Friday, August 5, 2011
Niland was a great lineman for the Cowboys, starting in 1966, drafted in the first round out of Iowa. He made it to six pro bowls and a dozen post-season games and should be a Hall-of-Famer eventually. He finished his career with a stop in Philadelphia in 1975.
Topps didn't think that Niland was worthy of a card until 1972, when they also gave him an All-Pro card. Both his regular and All-Pro rookies are in the all-expensive third series, so they are worth a pretty penny. Niland did have a 1969 Glendale Stamp. (Credit: Vintage Football Gallery. Go there!)

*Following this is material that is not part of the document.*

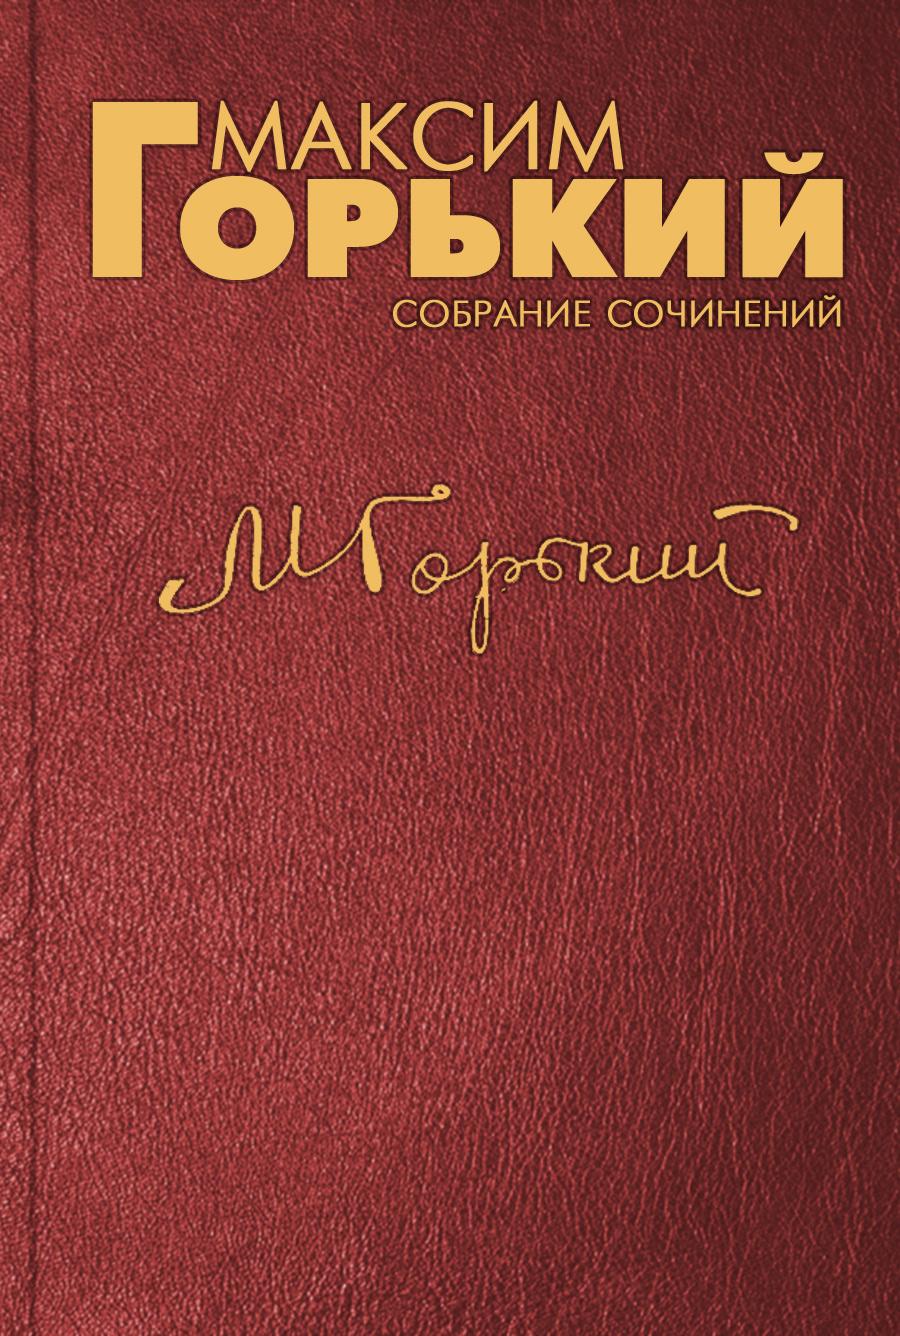 Максим Горький Письмо курским красноармейцам максим горький на дне

Topps used some game action shots in a "Highlights" subset in the 1961 set, and used black-and-white small shots on the 1962's. Of course some of those 1962's weren't of the actual player on the card, but there you go. That was it for Topps and game day shots for awhile, though the Philadelphia cards had some nice team play cards with in-game shots.
We would have to wait until 1971 for in-game and sideline shots to come back. Joe Kapp and Dennis Shaw each had game action shots on their card, and O.J. Simpson had a sideline shot. 1972 saw a few sideline (or at least game day) pictures, and three IN ACTION subsets. The playoff and Super Bowls cards had action shots too.
The 1973 series brought back the in-game action, in a sometimes confusing way as we will see later. This is the first horizontal individual player card of the set...Topps used these with varying success this year after bringing them back in 1972.
The back shows the TD he scored against the hapless Eagles, and there's that monster player again in the cartoon, carrying a football! Looks like he is Cali bound.